En matière de haine ethnique, les dirigeants de l’Église sont malheureusement incapables de proposer un discours qui va à l’encontre de la pensée actuelle. En fait, tout le monde parle la même langue, et aider à vaincre la méfiance serait le propre de l’Église, à mon avis elle devrait aussi aider en se substituant à l’État, comme elle aide dans les services publics. Au lieu de cela, tout comme cela se produit en Ukraine, où les chefs religieux chrétiens qui incitent au nationalisme ne manquent pas, il en va de même au Congo, où trop souvent les chefs religieux invitent les gens à répondre par la haine à la haine, oubliant que même si nous sommes d’origine différente groupes ethniques, nous sommes tous congolais.

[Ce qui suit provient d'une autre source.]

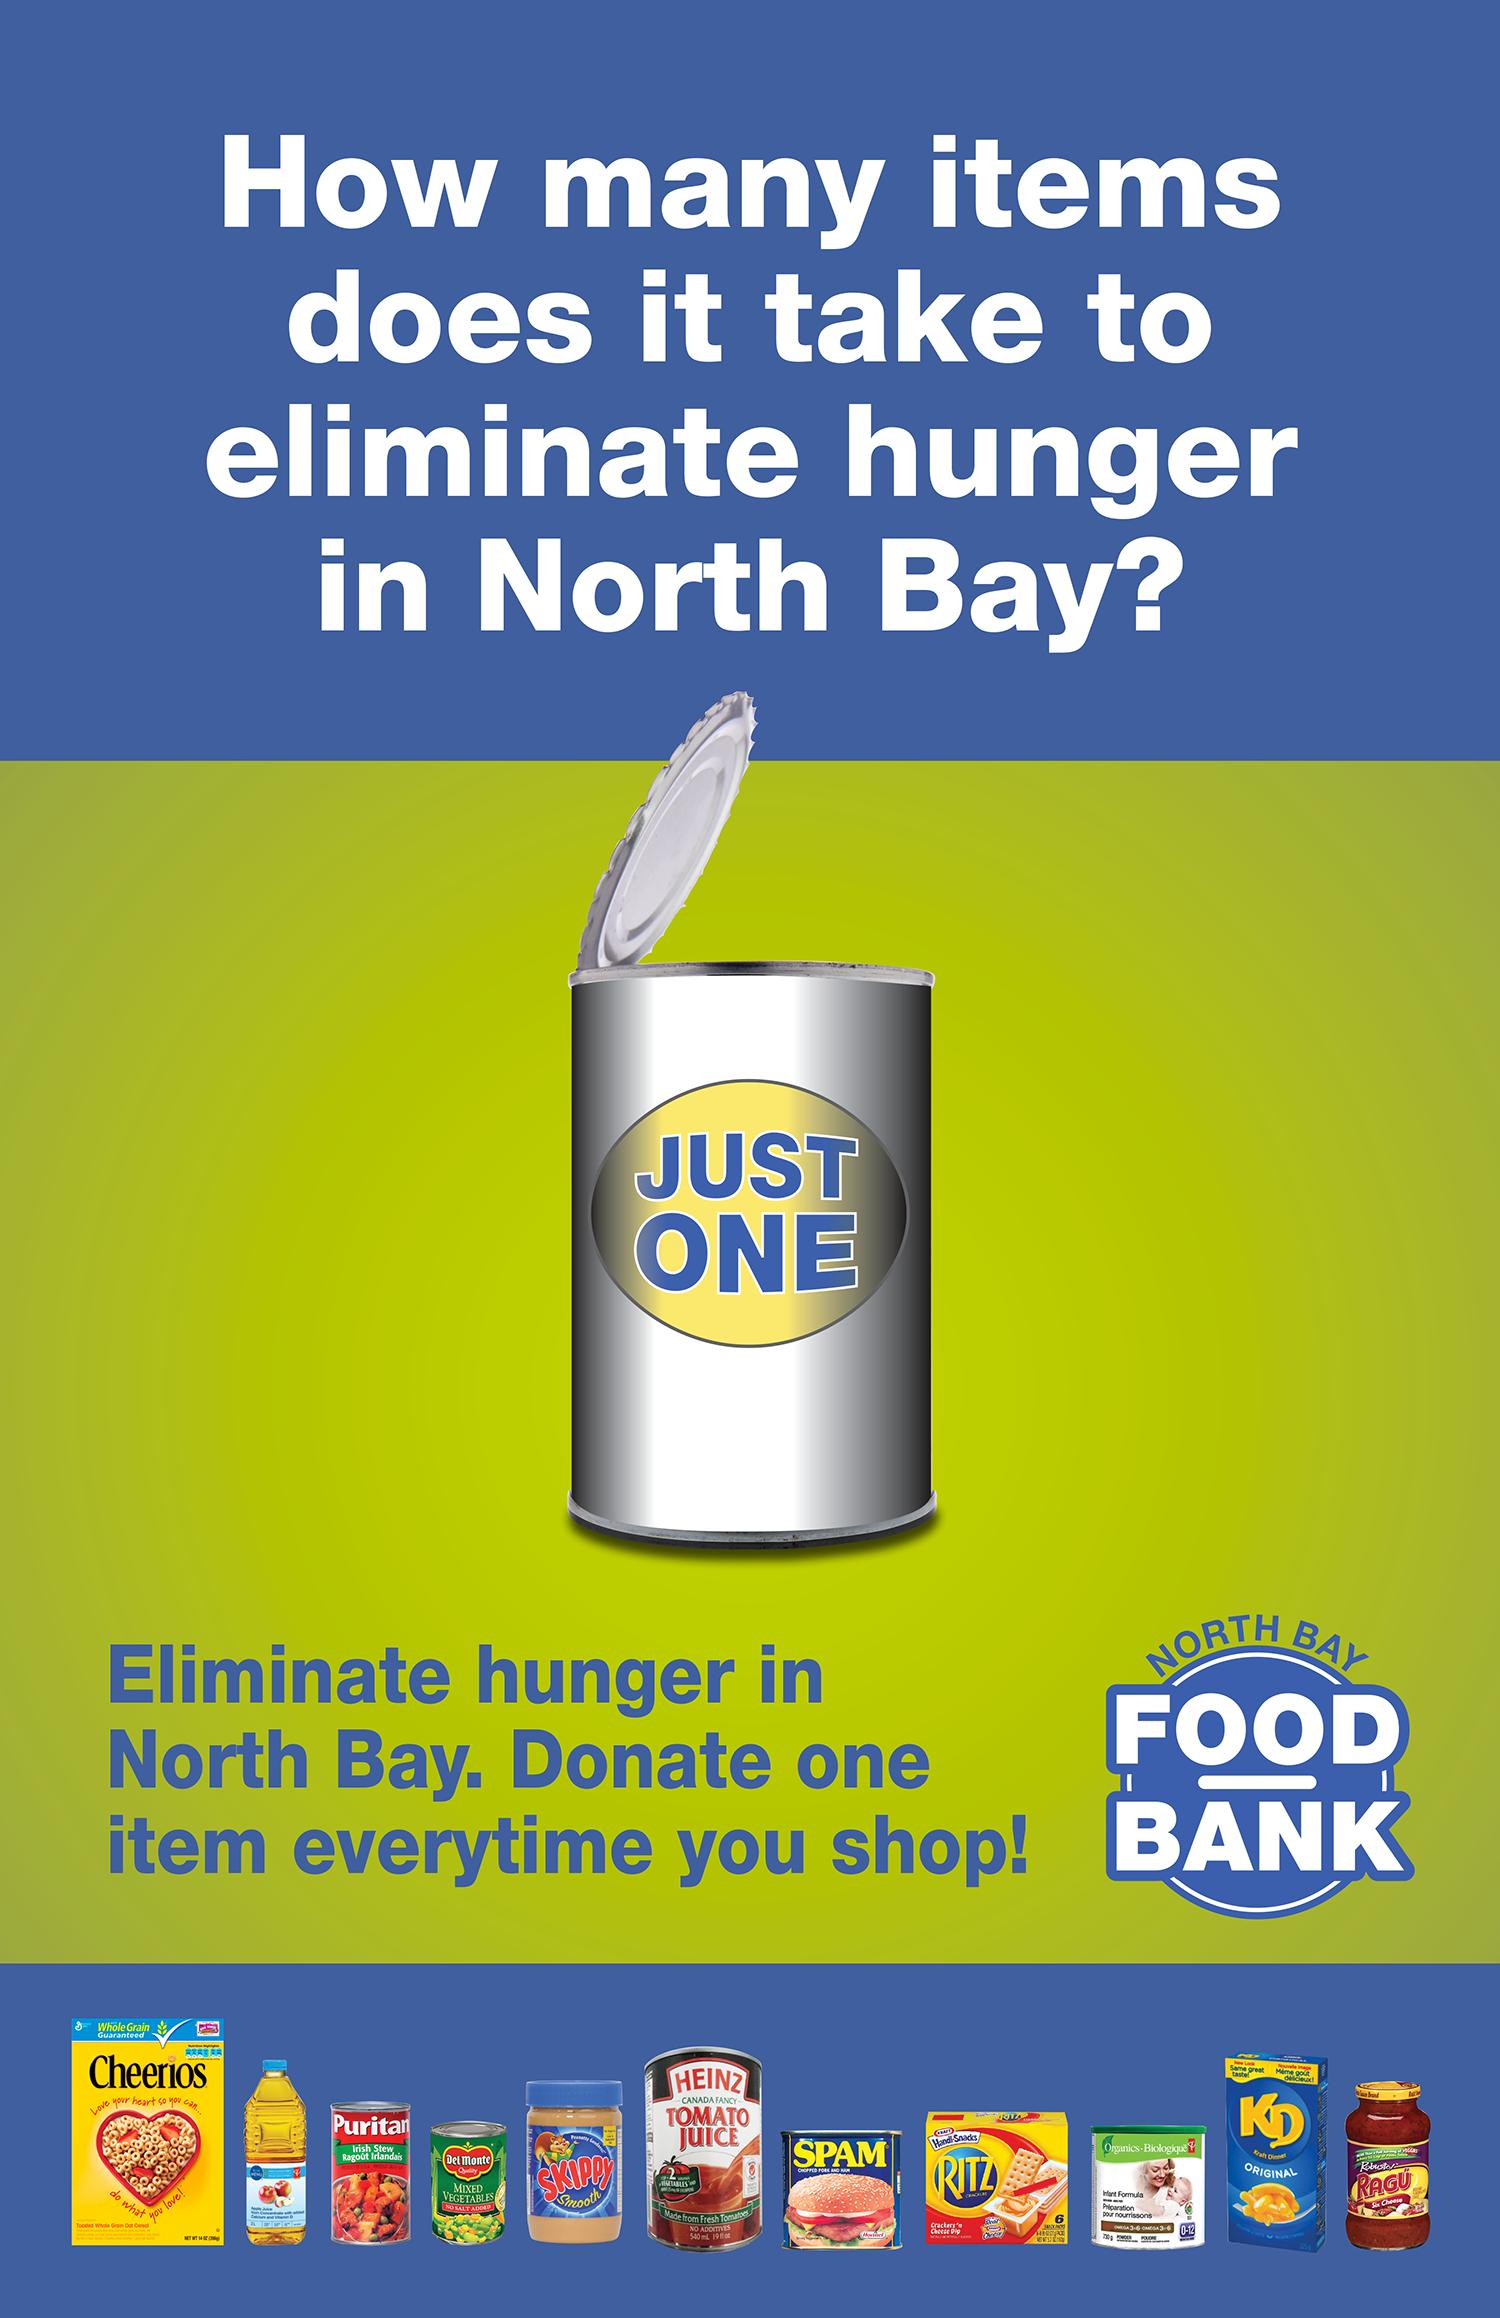 Just 1 Campaign Poster North Bay Food Bank

La haine est vraiment une maladie, et tant que le Congo n’aura pas une structure mentale différente, c’est-à-dire qu’il ne pourra pas vaincre une petite mentalité tribale, donnant force à l’idée d’une fédération du Congo, nous ne fera pas de grands progrès. À mon avis, la solution est la prise de conscience généralisée que nous pouvons tous ensemble faire une nation forte. Je sais que le Pape veut venir l’annoncer, mais je crois que nous ne sommes pas encore prêts à le recevoir. Nous devons travailler Nous devons travailler pour qu’une visite puisse arriver là où les gens sont prêts à entendre son message. Je pense que ce n’est pas grave si ça vient alors.

Sante Cavalleri

Sur la photo : la manifestation de jeudi à Goma, à la frontière avec le Rwanda, pour dénoncer ce qu’ils ont appelé “l’agression rwandaise” dans la province du Nord-Kivu, théâtre depuis plusieurs semaines d’une recrudescence d’affrontements entre les Forces armées congolaises (Fardc) et les rebelles congolais du Mouvement du 23 mars (M23), accusés par Kinshasa d’être soutenus par Kigali.